◆ **WHAT YOU SHOULD DO**
Exclude the pictures. Transcribe exactly, and only, the lines from the one holding "Chocolate Passion Bespoke" to the end of the material below.

◆ **DATA EXTRACT**
┌──
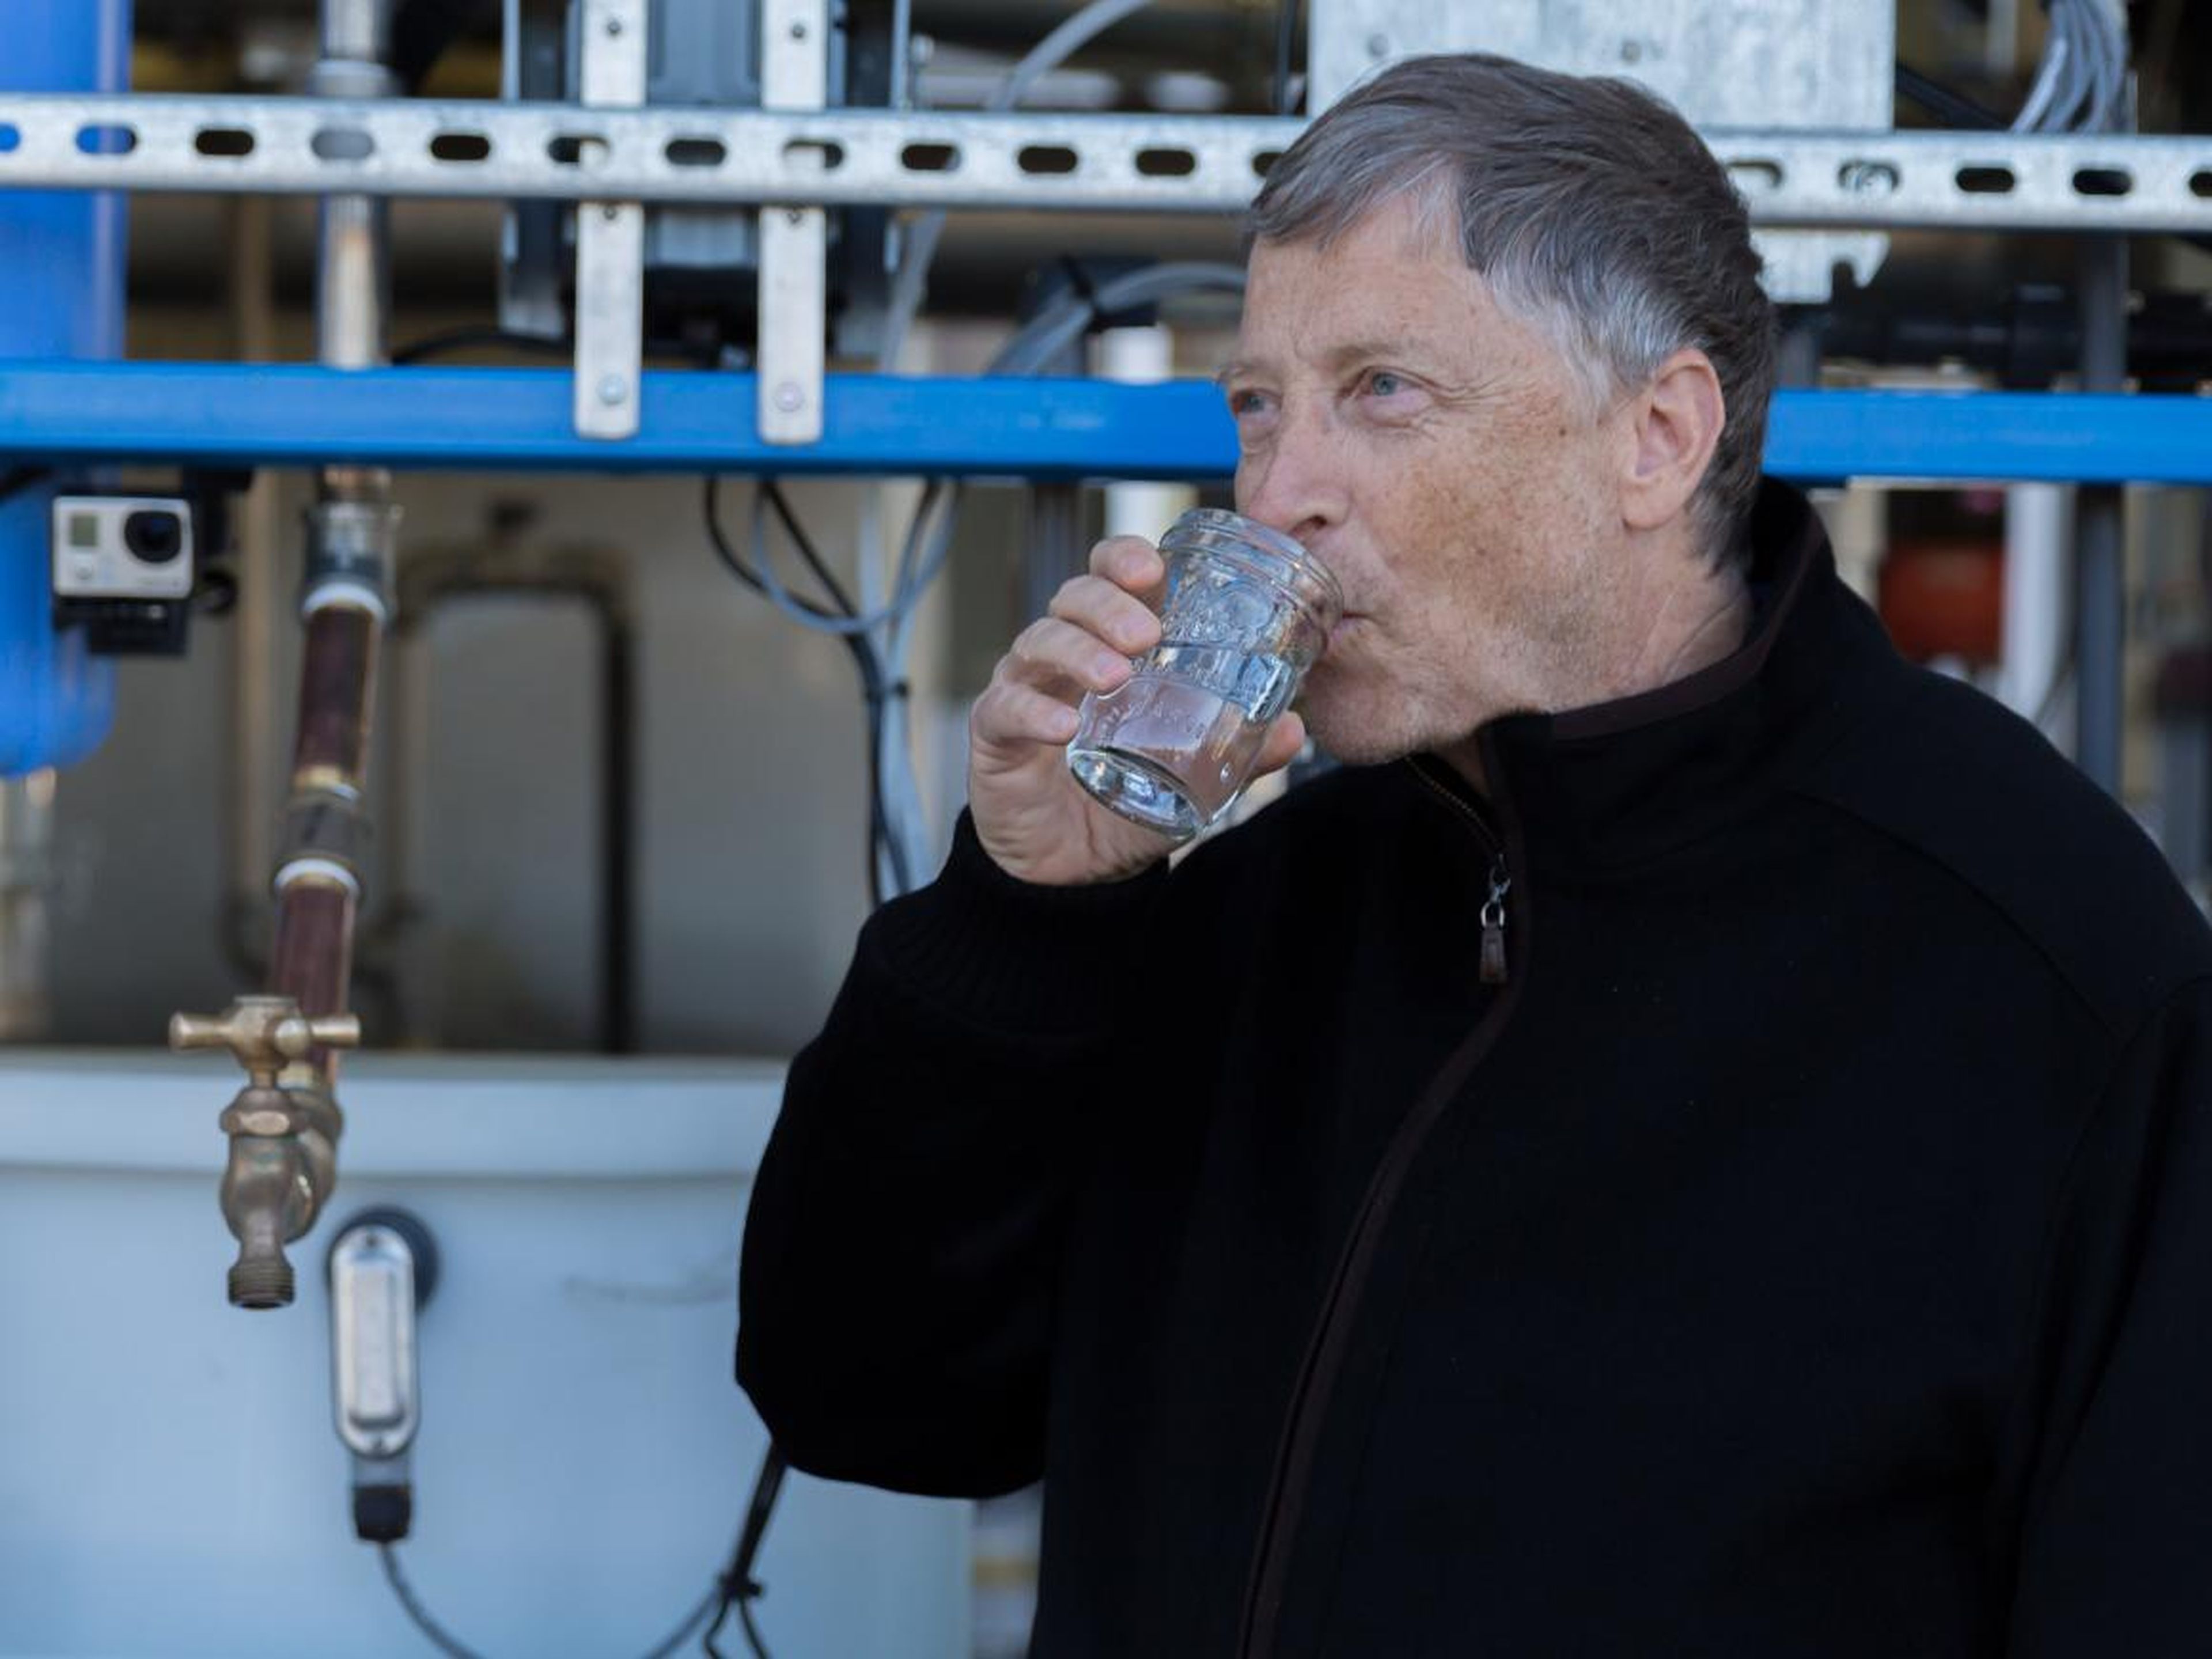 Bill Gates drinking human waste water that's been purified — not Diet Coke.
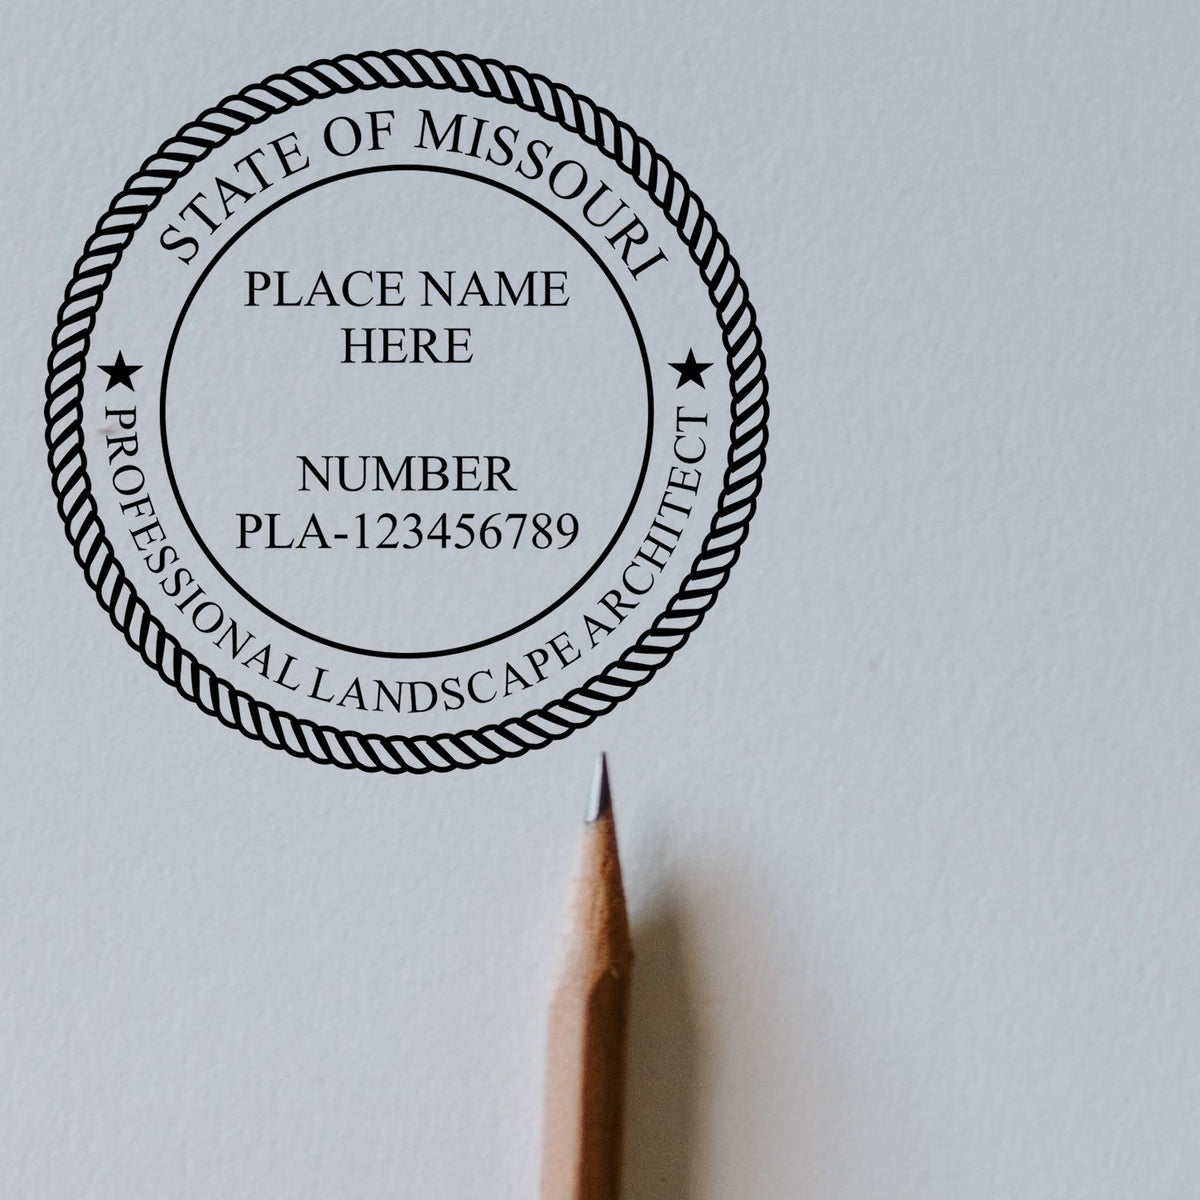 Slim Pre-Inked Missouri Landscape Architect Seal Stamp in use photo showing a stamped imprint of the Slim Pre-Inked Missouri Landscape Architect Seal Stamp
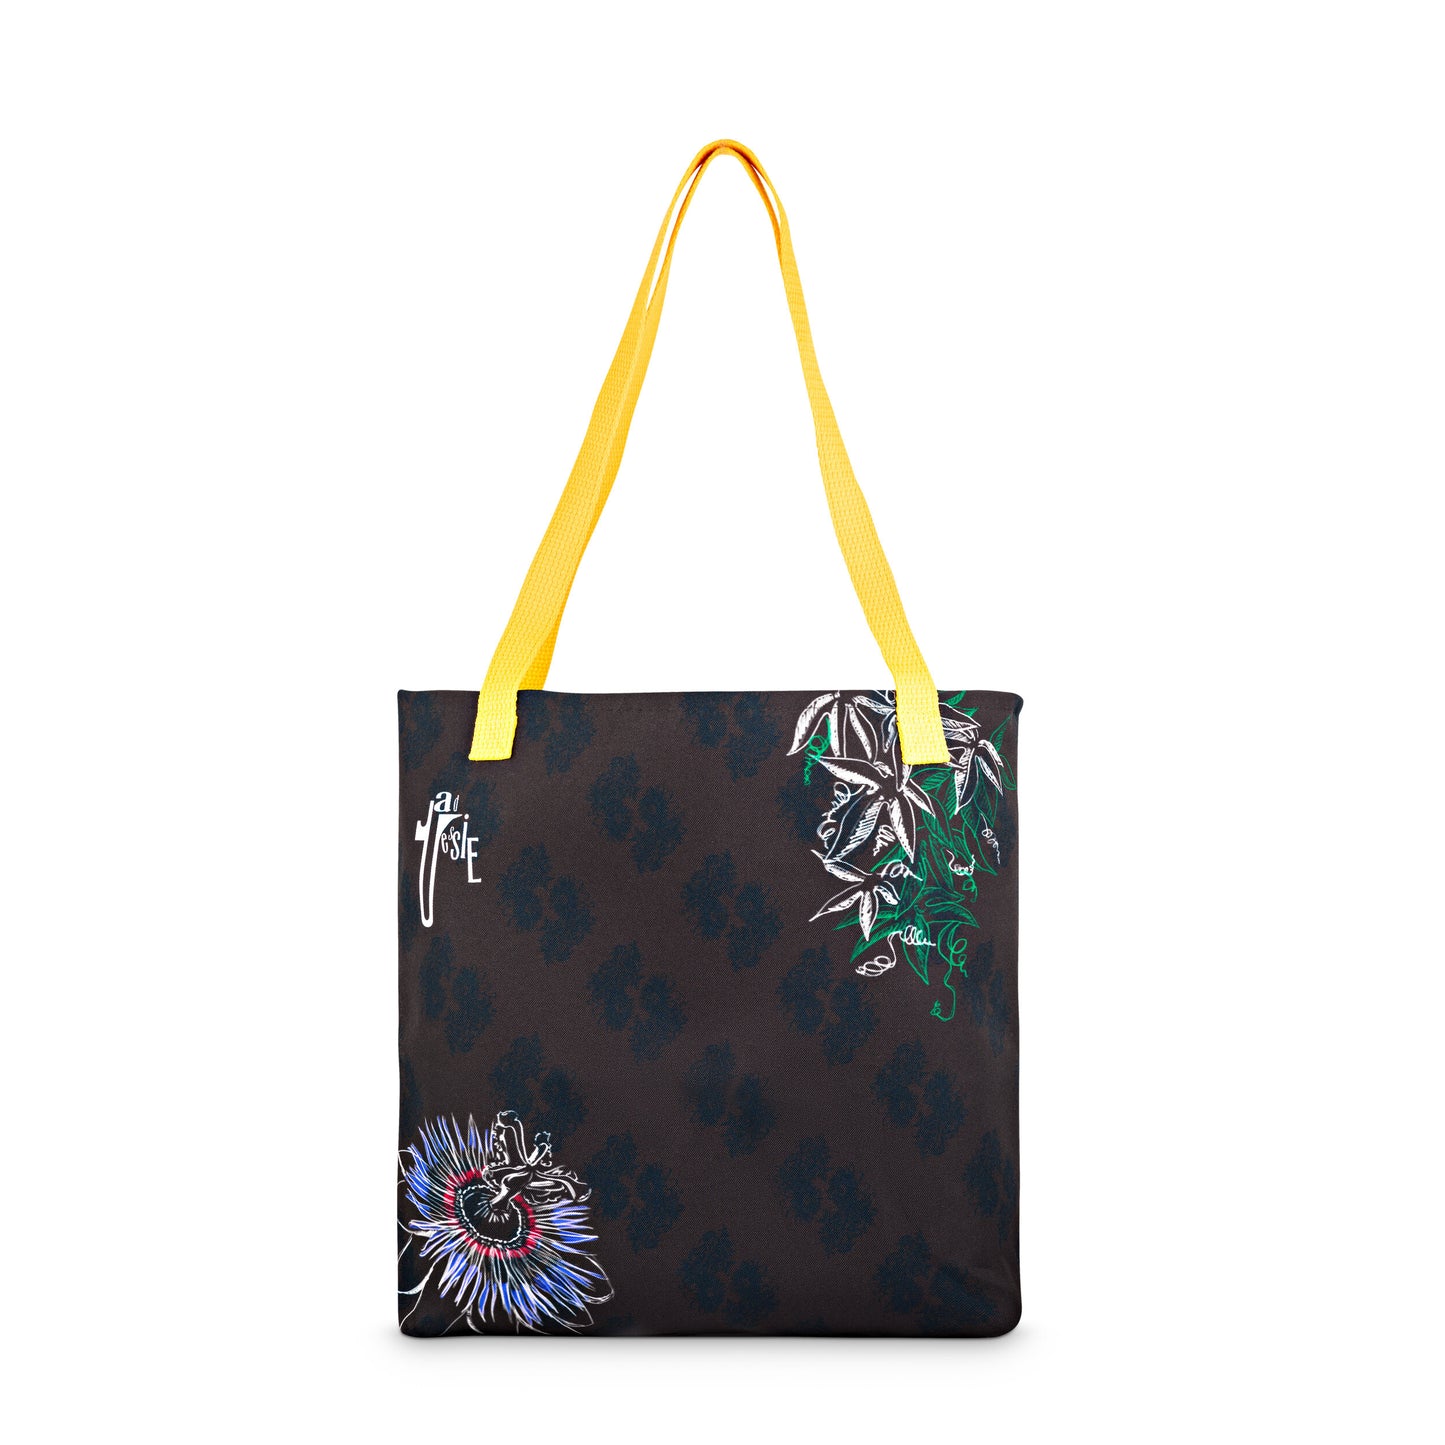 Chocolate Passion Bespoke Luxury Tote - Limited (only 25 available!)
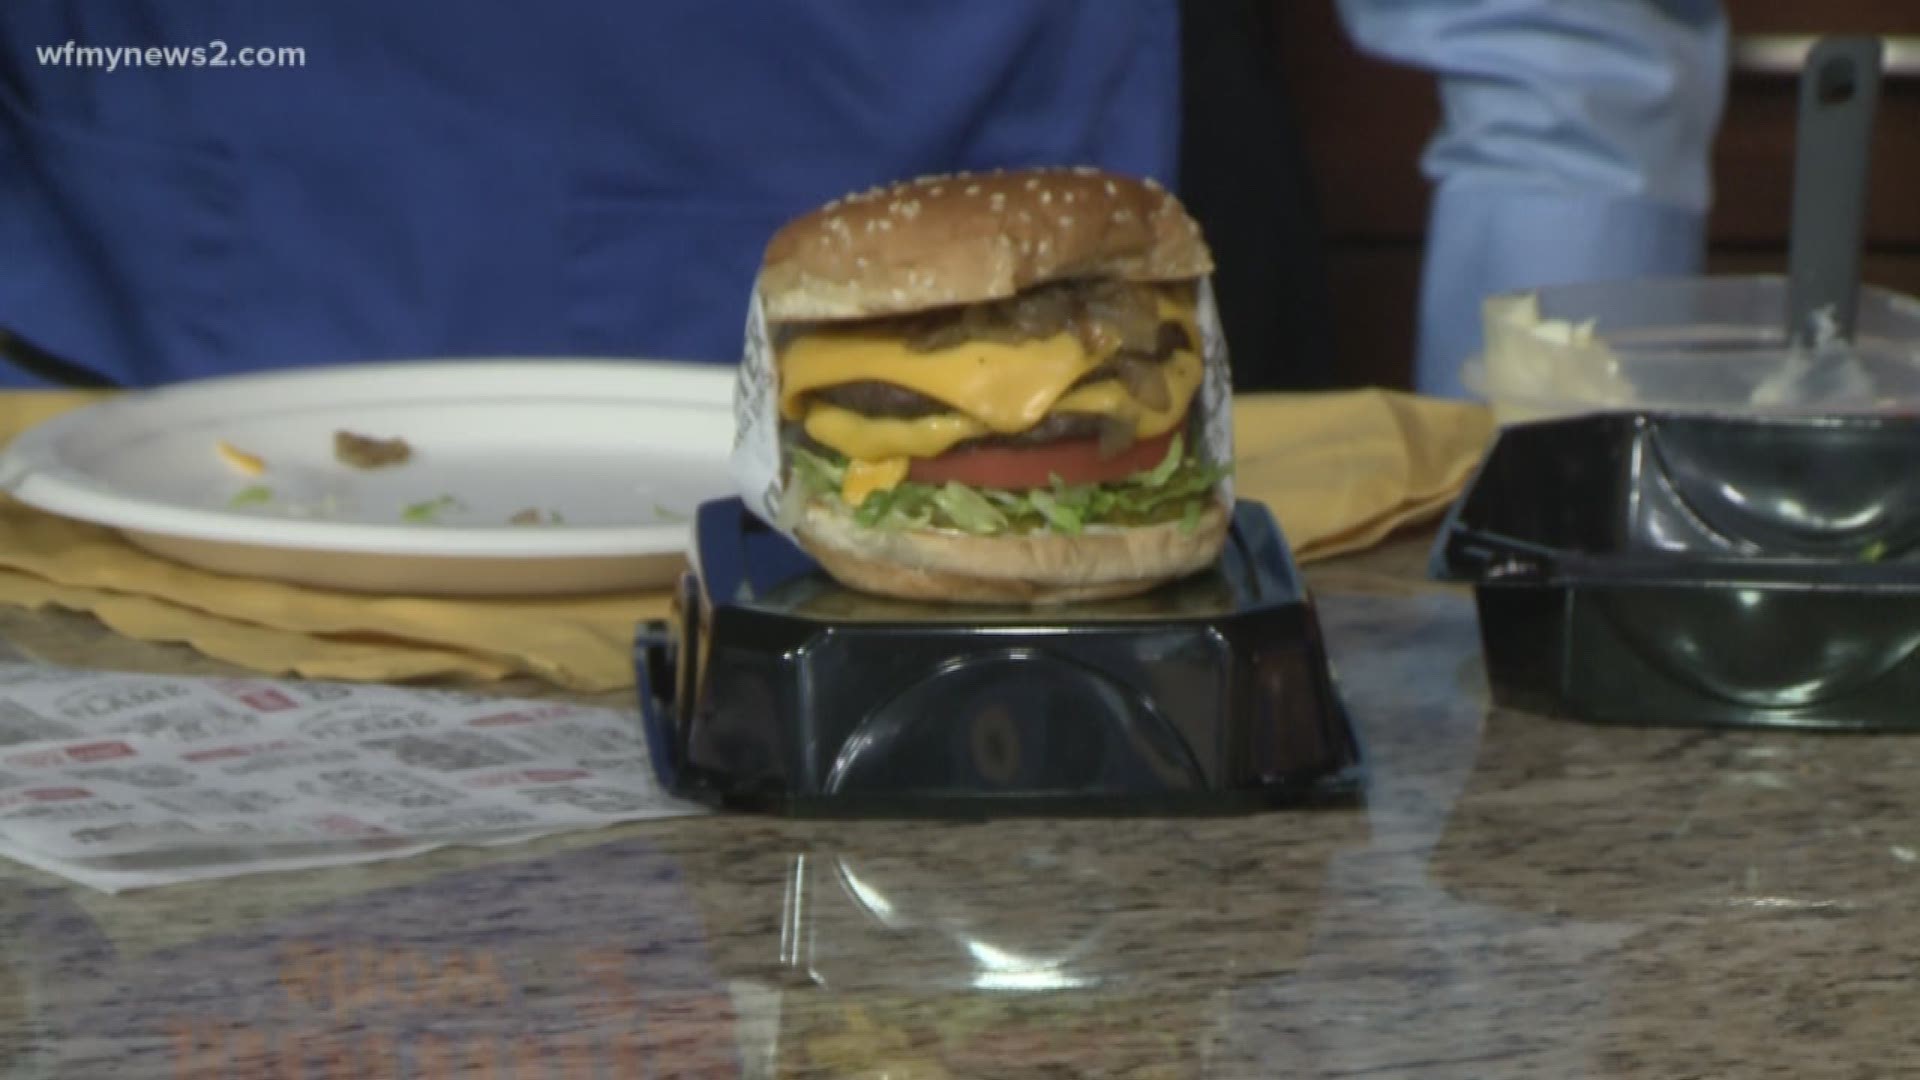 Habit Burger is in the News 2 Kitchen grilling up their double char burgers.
└──
◆ **REPLY**
 Chocolate Passion Bespoke Luxury Tote - Limited (only 25 available!)
 Habit Burger is in the News 2 Kitchen grilling up their double char burgers.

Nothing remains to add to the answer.